Do we have meaningful clusters of Mechanical Turk workers that can be grouped by age and years of computer programming experience?

Data cleaning

Remove NA’s, invalid age and years of experience, and entries for which difference between worker age and years of experience is smaller than 5 (assuming that the minimum age for person to start programming is 5 years old)

##  years_of_programming_experience      age    
##  Min.   : 0.200                  Min.   :16  
##  1st Qu.: 2.000                  1st Qu.:24  
##  Median : 3.000                  Median :28  
##  Mean   : 5.239                  Mean   :30  
##  3rd Qu.: 6.000                  3rd Qu.:33  
##  Max.   :35.000                  Max.   :71
## number of workers: 2000

Plotting and regression curve

## `geom_smooth()` using method = 'gam'

Many people seemed to have reported their experiences in multiples of 5 years.

Clustering

What happens if we divide workers in 5 clusters, which is the number of professions?
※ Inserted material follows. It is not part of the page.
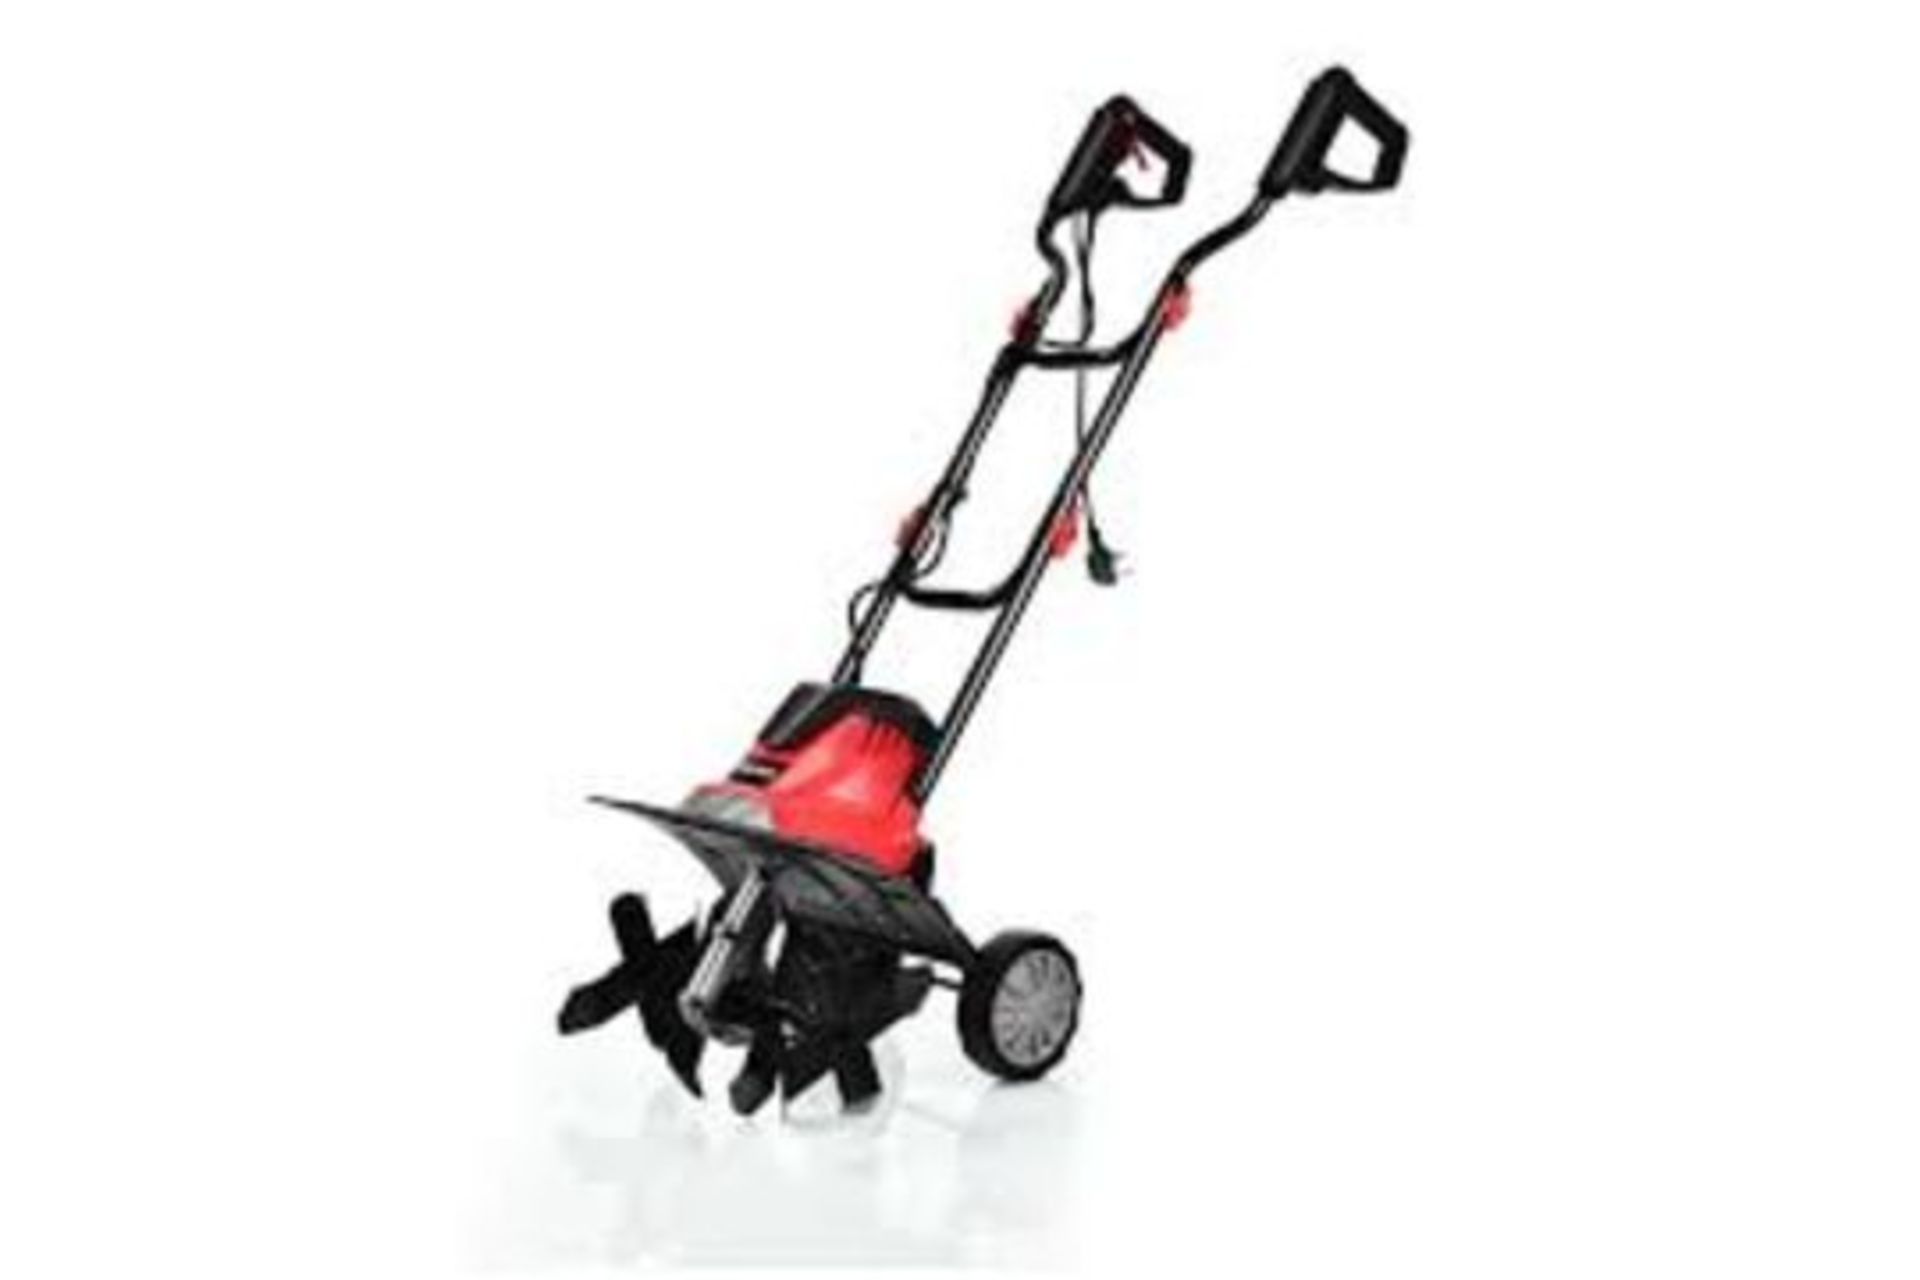 1200W Electric Garden Tiller/Cultivator with 4 Blade Till. - R14.15. Are you still struggling with

## `geom_smooth()` using method = 'loess'

We can see a lot of superposition of clusters. So, we let’s try fewer clusters

## `geom_smooth()` using method = 'loess'

## `geom_smooth()` using method = 'gam'

## `geom_smooth()` using method = 'gam'

Only with two clusters we circles do not superpose. Interpreting that, we would have two large groups of workers. People above 35 years old with a wide spread of programming experience. While people below 35 concentrated from 1 to 15 years of programming experience.

Future analysis

  • What if you cluster only up to 10 years of experience? For the remaining data, you can either filter out or create a bin for +10 years
  • Do these clusters map to professions? In other words, can we predict the worker profession based on age and years of programming experience?
  • Would it make much difference in terms of number of meaningful clusters if I apply SVM or Decision trees methods?
  • Are worker clusters statistically significanlty distinct in terms of average accuracy?

Thanks for reading! Is there anything I could improve? Please leave a comment - Christian.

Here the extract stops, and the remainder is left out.